Traditionally, AI models assume every question has an answer in the passage they’re given. But real-life situations often don’t work that way. For example, if a paragraph talks about the video game “Zelda: Twilight Princess” and someone asks about “Zelda: Australia Twilight” (a game that doesn’t exist), the AI has to recognize that this question cannot be answered—and explain why.
To address this, researchers are using two types of strategies: one improves existing models by adding layers that help the system say “no answer,” and the other builds new models specifically designed to detect and explain unanswerable cases. These newer models can sometimes even give reasons, like noting that a key name or number in the question doesn’t appear in the text.
Several specialized datasets, like SQuAD2.0, are used to train and evaluate these systems. These include tens of thousands of questions—some answerable and some not—crafted to test how well AI can tell the difference. Newer datasets go further by labeling why a question is unanswerable (e.g., swapped entities, negation, or missing info), helping models learn not just that a question is unanswerable, but why.
However, the way these questions are created can introduce bias. Some datasets contain “trick” questions that use patterns AI can learn to spot without true understanding. In contrast, real-world questions—like those from actual users—are often vaguer and harder to detect. This means AI that performs well in labs might still struggle in the real world.

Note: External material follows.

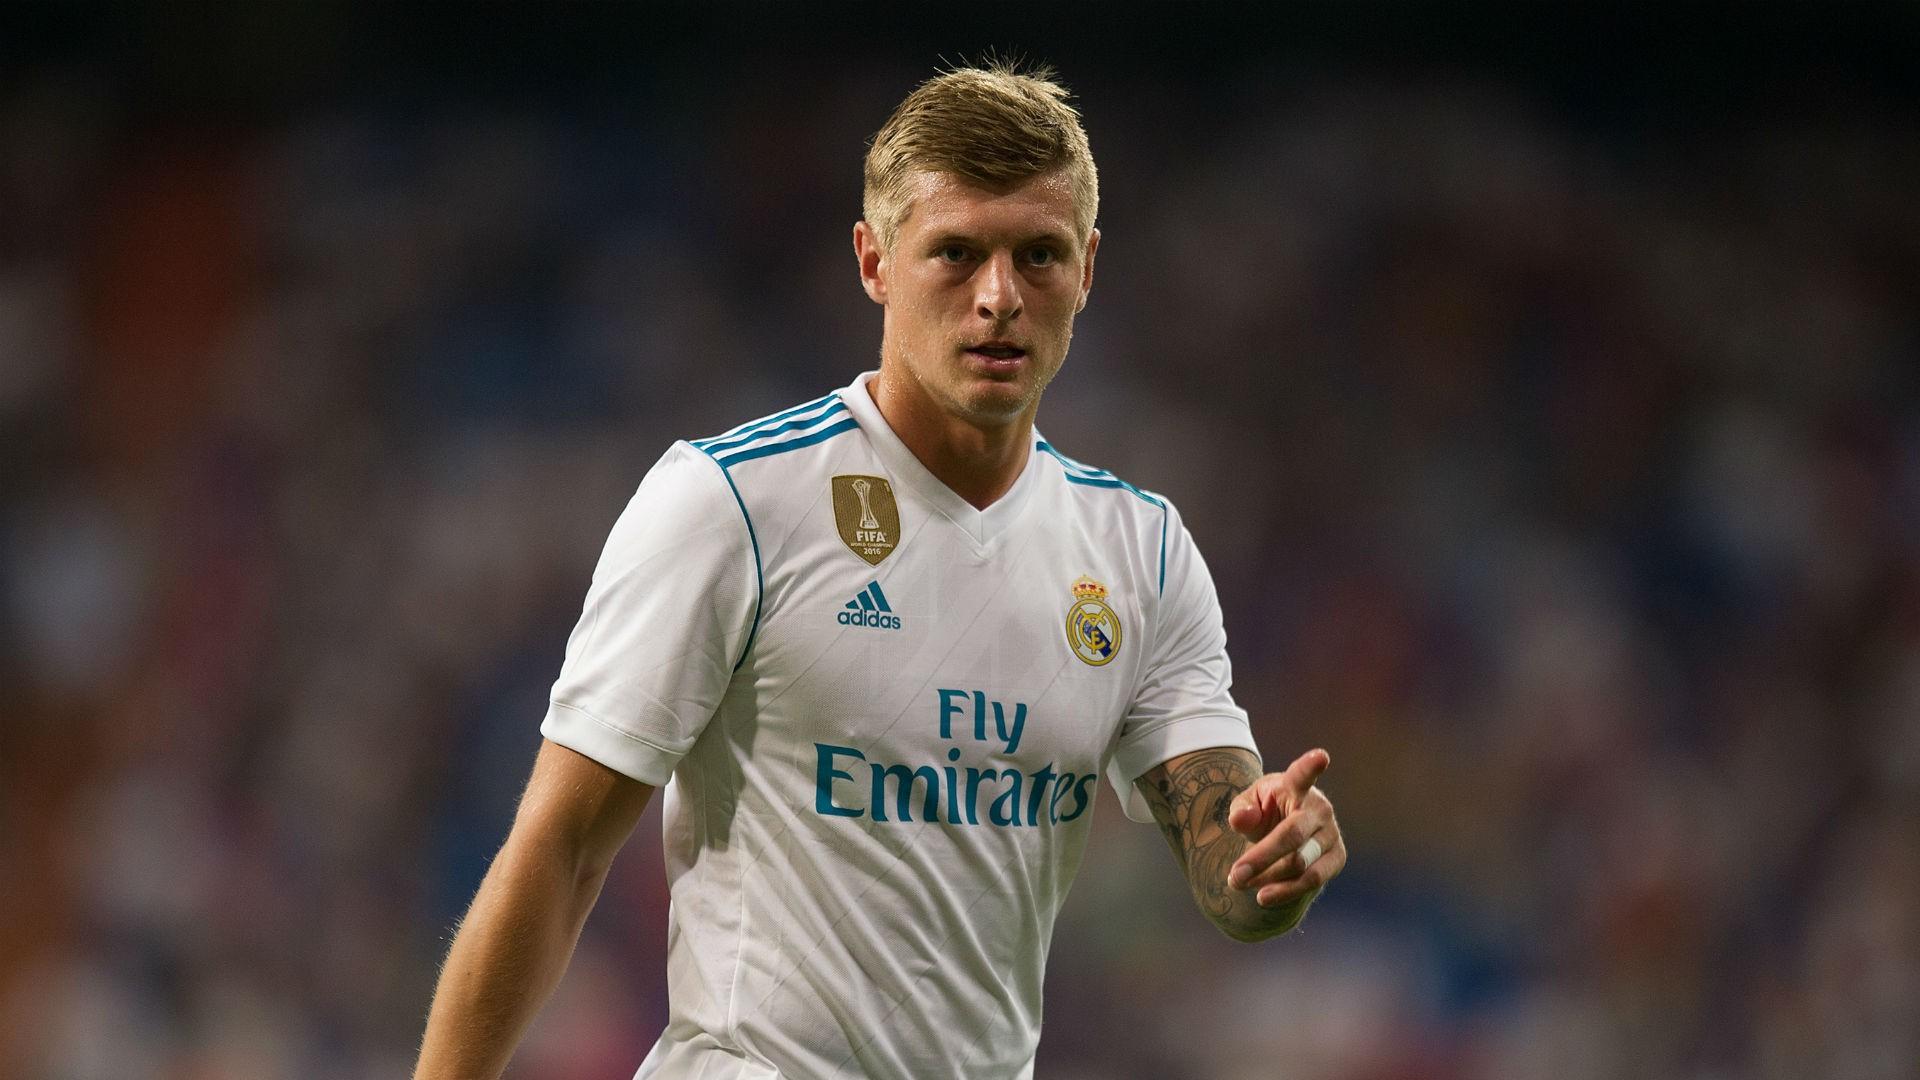 Nhận định bóng đá trận Real Madrid - Real Sociedad  diễn ra vào 02h45 ngày 11/02 với tỷ lệ kèo, thống kê, và dự đoán của chuyên gia được cập nhật tại đây.

To measure performance, researchers use metrics like Exact Match (was the predicted answer an exact string match?), F1 Score (how much overlap between prediction and correct answer), and other tools that check how similar the AI’s answer is to the expected one.
The article concludes that while progress is being made, there's still much to learn before AI can confidently recognize when no answer exists—and explain its reasoning in a trustworthy way.
Noorian, Z. Exploring Unanswerability in Machine Reading Comprehension: Approaches, Benchmarks, and Open Challenges. Artificial Intelligence Review (ACCEPTED)